Armchair Peregrinations

October 18, 1998

These are times, despite the beautiful autumn weather outside, when I feel trapped by graduate school, work and other obligations. I can't take off and travel for a few days. There are endless assignments and projects that have to be done. I am tethered to a hitching psot of my own creation, suffering the consequences of bad, but in a way, necessary decisions made years ago. So, until I have the freedom to take a good vacation, I must be content with short treks to the beach, as on this past Friday.

It was too windy to sit out on my chair, but great for walking and taking in the brisk salt air. Not too cool, either. A whole mile of empty beach. One lone wind surfer was making great speed over choppy surf as he set out to sea on the persistent force of the wind. He'd come back in almost to shore, and then head out again.
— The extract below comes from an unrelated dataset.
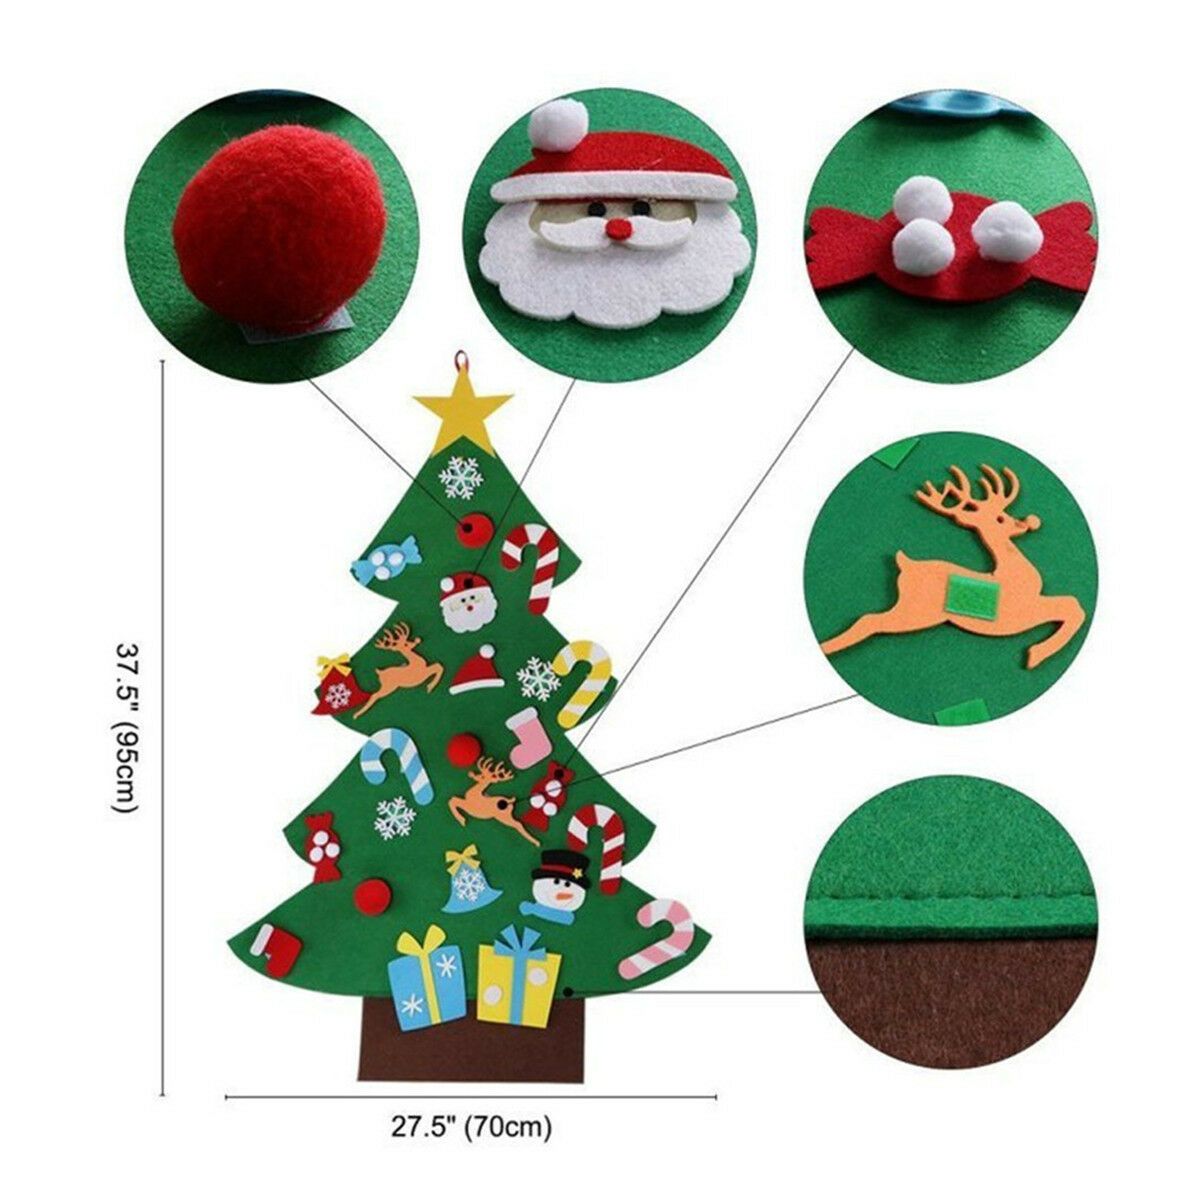 Felt Christmas Tree with Removable Decorations Ebay 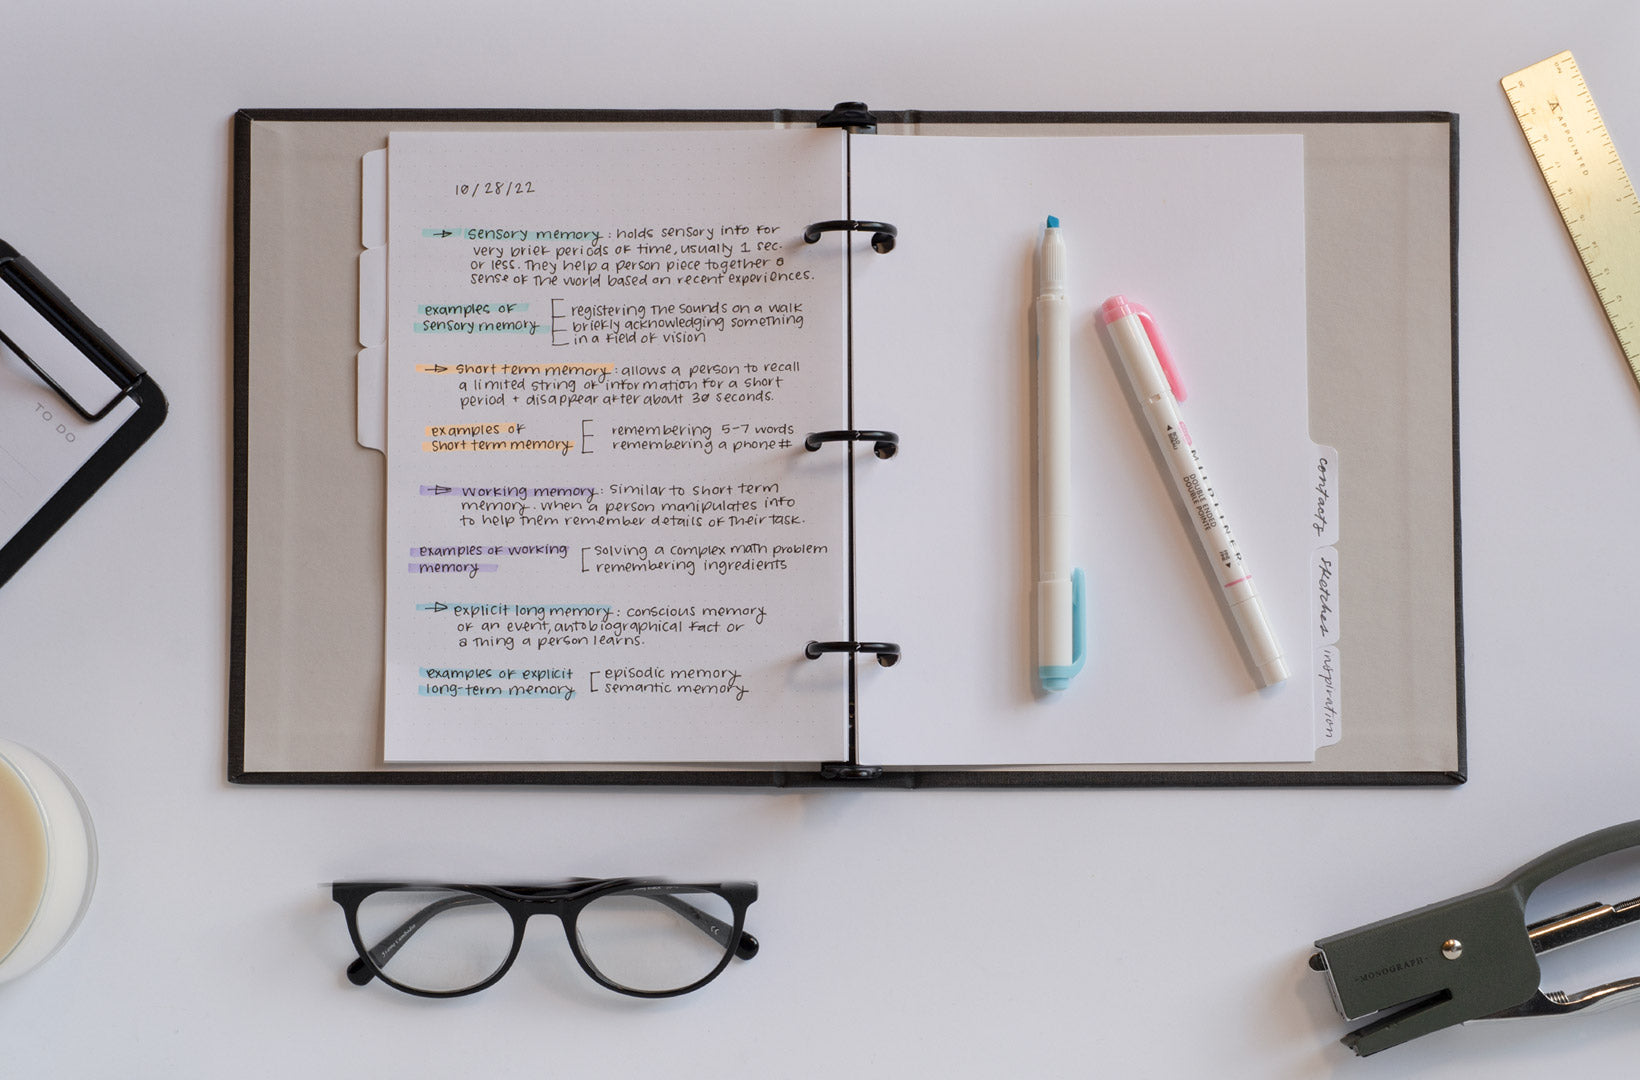 The Compact Binder lies open on a white desktop. Class notes are filled in on the left-hand side of the lined pages. Highlighters sit on top of the planner and other accessories are strewn to the side including a brass ruler, glasses, and mini clipboard

Lost in his world. At one with the wind and the water, I could plainly see. I envied his freedom, agility and grace on that board. Not a false step once, that I could see.

My thoughts continue to turn to travel since my agenda is so circumscribed this fall. Also, I keep one of my old journals in front of me now. It's open to an entry from Oct. 8, 1987 written in Santa Fe: What impossibly empty yet fascinating landscapes New Mexico offers! From Carlsbad in the southeast heading northwest toward Sante Fe and the mountains stretch a series of desert plains and mesas and a sky that must be as blue and wide as any place on earth. From atop a mesa one suddenly sees the road stretch out ahead in a straight line 15 or 20 miles, and it's just an extraordinatry and awesome sight to behold. Anywhere you stop there's the utter stillness of the desert. About 60 miles south of Santa Fe, the foothills begin, and the road rolls and dips in great, gentle undulations with this ancient land. The juniper are more numerous as are cacti and brilliant, busy-yellow clusters of weeds along the road. Also, purple patches of wildflowers. It is easy to feel lost in this immense space. Each isolated ranch or house seems to defy the emptiness and make a stand.

I've traveled extensively and I miss it. I can't understand why everyone doesn't share my same enthusiasm for the open road. A journaler, writing about why he values science fiction, recently wrote these words: I also want you to reason why I've never traveled extensively. It's because my imagination is always embracing more outlandish and exotic locales than this world has to offer Well, I read this and thought to myself, That's good if you can do it. The otherworldly rock formations of the Wapiti Canyon in Wymoming, the ephemeral waterfalls of Zion National Park, the immensity of Mount Rainier and the magnificent and fearsome isolation of almost any open stretch of road in Nevada are exotic locales enough for me. I want to be in and of this world to see the streams, smell the thunderstorms, feel the wind in the palm of my hand as I drive along open roads with the windows down. To me, this world is enough. I just wish I could see more of it.